Я молча пошла к раковине, помыла руки и открыла холодильник. Завтра нужно сходить за продуктами, но и сегодня есть, чем поживиться. Отправив на гриль два говяжьих стейка и быстро порезав салат из овощей, я накрыла на стол, плеснула себе томатного сока и села.

Аромат и шипение жарящегося мяса подействовали на Инессу благотворно. Она не подобрела, но по крайней мере перестала делать вид, что меня не существует. Её прорвало.

– Уволила сучку!

– Надьку? – переспросила я, уже зная ответ. Хотя я проводила в магазине не так много времени, было видно, что тётя недовольна работой этой высокомерной девахи.

Инесса, почуяв заинтересованного собеседника, отпустила вожжи.

– Шлюха силиконовая! Доигралась! Как можно было флиртовать с мужем Быстровой, пока его благоверная в примерочной? Ну да, задержалась, ну заскучал мужик… Но Быстрова десять лет у меня одевается, по пол-ляма в месяц оставляет. И тут это чучело безмозглое… О-о-о, как я зла! Столько сил потратила, чтобы восстановить статус-кво. Ладно, сил – ненавижу жопу лизать.

Пока тётя сбивчиво говорила, я подлила в её бокал виски и бросила пару кубиков льда.

– И что Быстрова? – уточнила я.

– Что-что… Признала, что мой магазин – единственное место, где можно одеваться в перерывах между поездками в Милан. Но только после тысячи комплиментов ей, её мужу, двух бутылок шампанского и килограмма устриц… Фу. Устриц тоже ненавижу.

Расправившись со стейком, тётя расслабилась. Откинулась на спинку стула, прикрыла глаза.

– Зря не купила тот домик на Обском. У самой воды, в сосновом лесу. И закат в окна. Сейчас сидела бы у камина. Спаниель лежал бы в ногах. На медвежьей шкуре. И никого больше.

Я затаила дыхание. Этот мечтательный тон как нельзя лучше подходил к теме моего разговора, но мне стало страшно. Вдруг взорвётся?

– Расскажи про моих родителей. Хоть что-нибудь.

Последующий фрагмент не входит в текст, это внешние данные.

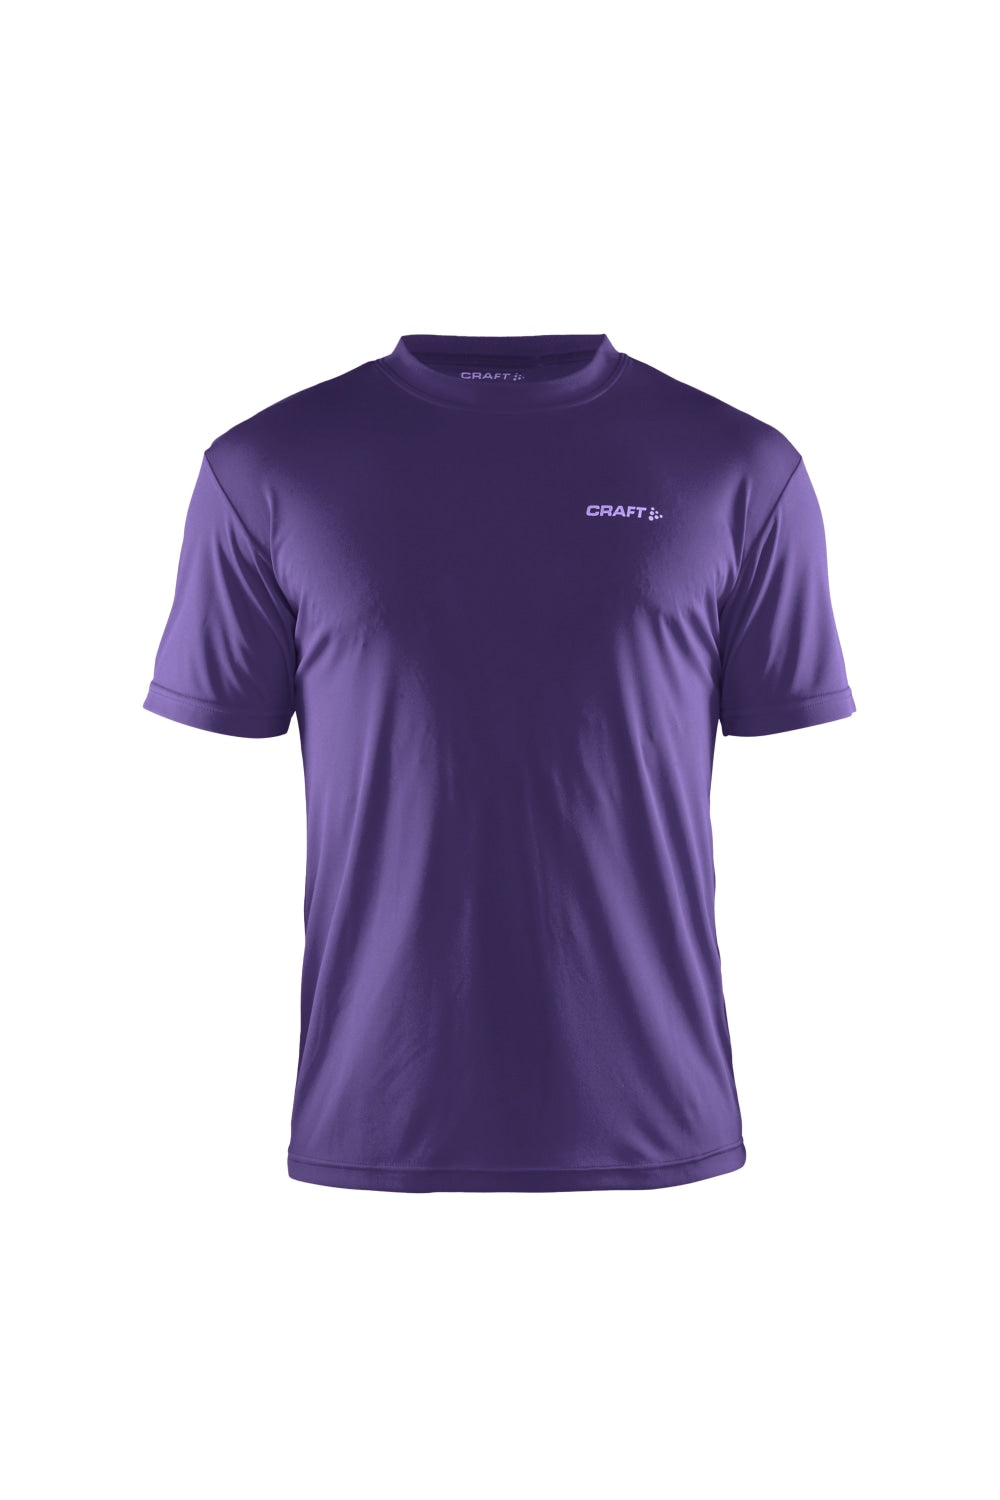 Craft Mens Prime Lightweight Moisture Wicking Sports T-Shirt (Purple)

Инесса взяла пачку сигарет, медленно достала одну, прикурила, затянулась, выпустила дым в потолок. Расфокусированный взгляд. До невозможности красивые пальцы – длинные, унизанные кольцами из белого металла, причудливо резными, без камней. Я никогда не носила ни колец, ни браслетов. И не буду – это не для моих огрубевших от работы рук.

Прошло не меньше пяти минут. Казалось, она забыла обо мне, полностью погрузившись в воспоминания. Докурила, затушила сигарету в пепельнице и, не глядя на меня, произнесла в пустоту:

– Ни за что на свете.


Одним из моих самых любимых мест в городе был театральный сквер. Я приходила туда, когда выдавалась свободная минутка. От магазина Инессы до него было всего пять минут ходьбы. Садилась на скамейку, откидывалась назад и смотрела вокруг: на молодёжь, машины, голубей, статуи рабочего и колхозницы и, конечно, на само здание театра оперы и балета, его огромный купол и мощные колонны. Как люди могли построить такое? Мне было страшно представить, что однажды я смогу попасть внутрь, – и безумно этого хотелось.

Я в длинном красном платье, которое прохладным шёлком струится по ногам, поднимаюсь по мраморным ступеням под руку с мужчиной в строгом костюме. Позади нас остаётся ночь, и театр распахивает двери, приглашая окунуться в сверкающую огнями магию. Там музыка и нарядно одетые люди. Запах воска и блеск полированного дерева. А дальше – огромный зрительный зал, мягкий, как материнская утроба, и сцена, тёмная, притихшая, готовая вот-вот смахнуть занавес и выплеснуть на нас фейерверк чудес.